Ainsi il décrit ce qu'il voit autour de lui et le ramène à sa douloureuse
expérience. Le poète nous peint d'abord son mal et décrit sa bien-aimée à
travers de nombreuses images du domaine de la nature. Tout d’abord, la femme
est présentée à travers le regard (yeux, paupières). Il y a une construction en
miroir: les animaux s’empoisonnent par la fleur et le poète s’empoisonne aussi.
Il y a un étiolement de l’amour qui devient un faux-amour. En outre, le poète
s’appuie sur les figures de styles afin de démontrer la femme en une fleur
toxique, à titre d’exemple dans le vers 4 : «le colchique couleur de
cerne et de lilas»; la fleur est comparée à une couleur de cerne des yeux, donc
c’est une personnification en femme.
Ainsi
qu’en vers 5 et 6 : « Tes yeux sont comme cette fleur là, violâtres
comme leur cerne et comme cet automne» : la comparaison est faite entre la
fleur et les yeux. Les yeux sont comme la fleur qui est violette comme les
cernes des yeux et comme l’automne. L’utilisation du pluriel «s» en (violâtres)
apparente les yeux aux cernes.
De
plus, en vers 11 : « Les colchiques qui sont comme des mère filles de
leur filles et sont couleur de tes paupières » : à nouveau la femme
est comparée à la fleur et le poète renverse l’image. L’autre élément féminin,
c’est « les mères filles de leurs filles », en effet, au printemps,
le colchique donne des fruits et des fleurs en automne, il y a une inversion du
temps et de la logique. De même, les vers 10-11-12 : « les colchiques
qui sont comme des mères fille de leurs filles et sont couleur de tes paupières
qui battent comme les fleurs battent au vent dément », ce sont des vers
libres à 14 pied : c’est l’extension maximale de l’alexandrin qui permet
d’introduire une autre comparaison : les paupières sont comparées aux fleurs.

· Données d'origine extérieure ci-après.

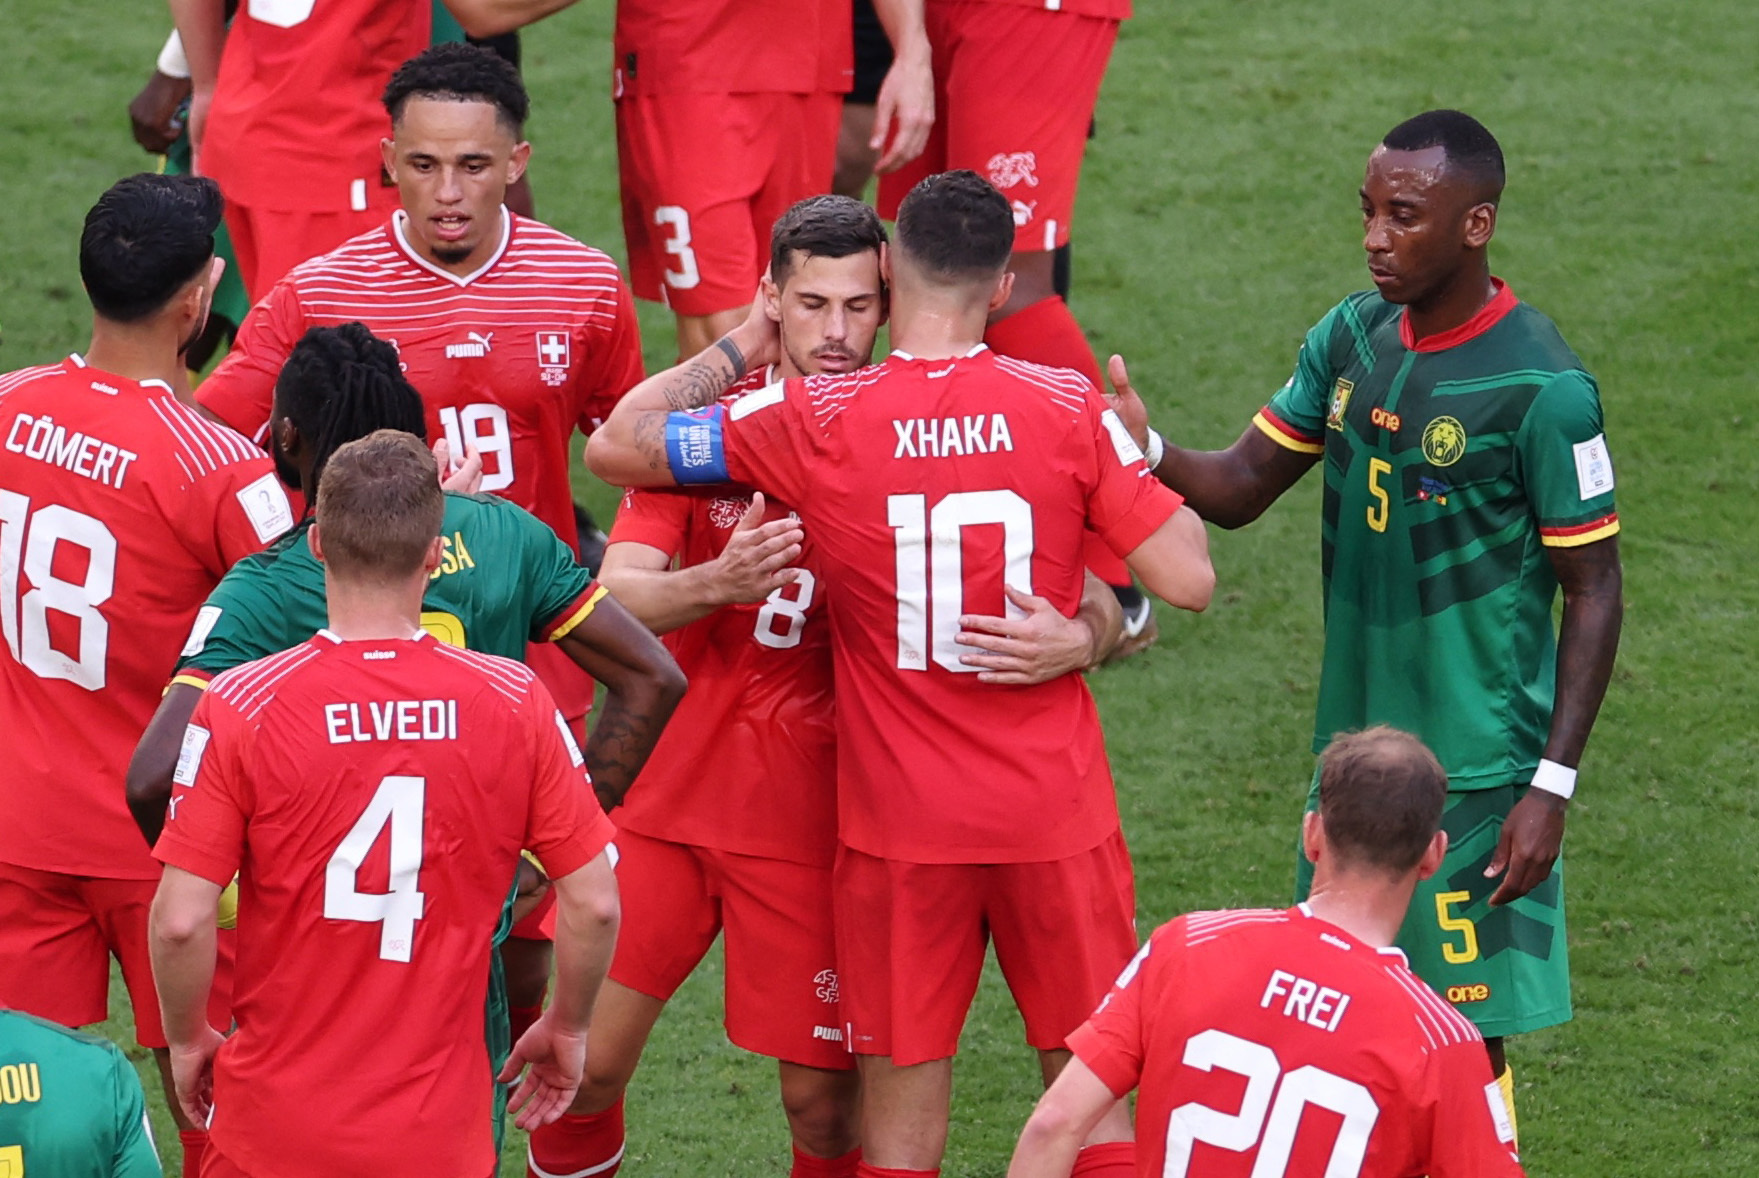 Suiza se impuso en su debut ante Camerún y en la siguiente fecha se enfrentarán a Brasil, una de las grandes favoritas. REUTERS/Marko Djurica
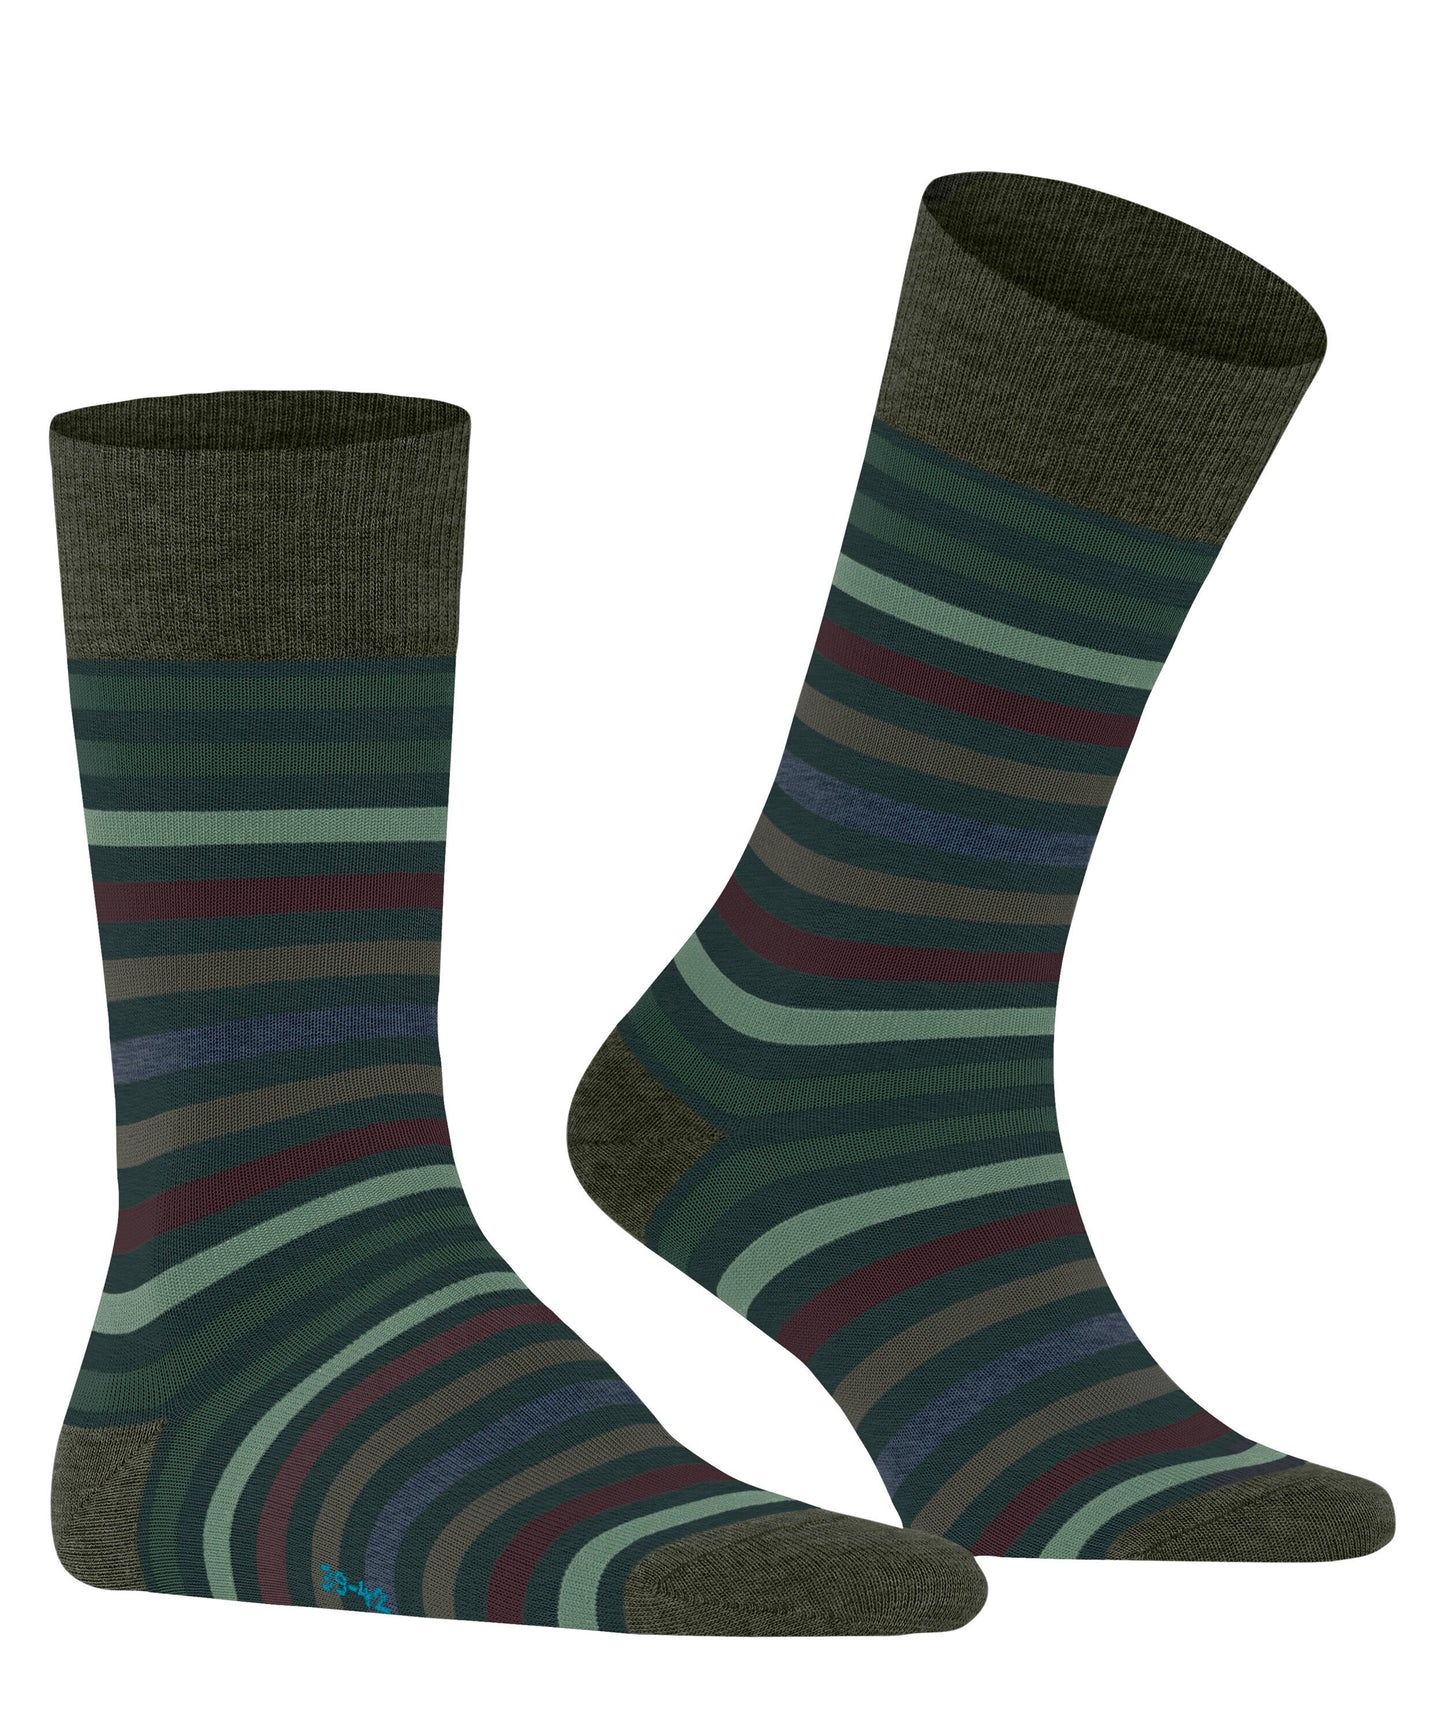 FALKE Tinted Stripe Herren Socken (Wald)

Donc les paupières et les fleurs vont se flétrir puisqu’elles battent. Aussi, le
vers s’étire comme l’amour s’étire, comme la fleur flétrit par le battement du
vent. Alors, la femme est démontrer étant un être
envoûtant, hypocrite et mortifère. La femme est ensorceleuse et elle a la
capacité à hypnotiser l’homme et le rendre fou. Notamment, elle est figurée
qu’hypocrite ; le pré est joli mais toxiques la femme aussi est séduisante
mais dangereuse. Les femmes paraissent coquettes par contre c’est juste pour
masquer qu’elle est maléfique et mortifère.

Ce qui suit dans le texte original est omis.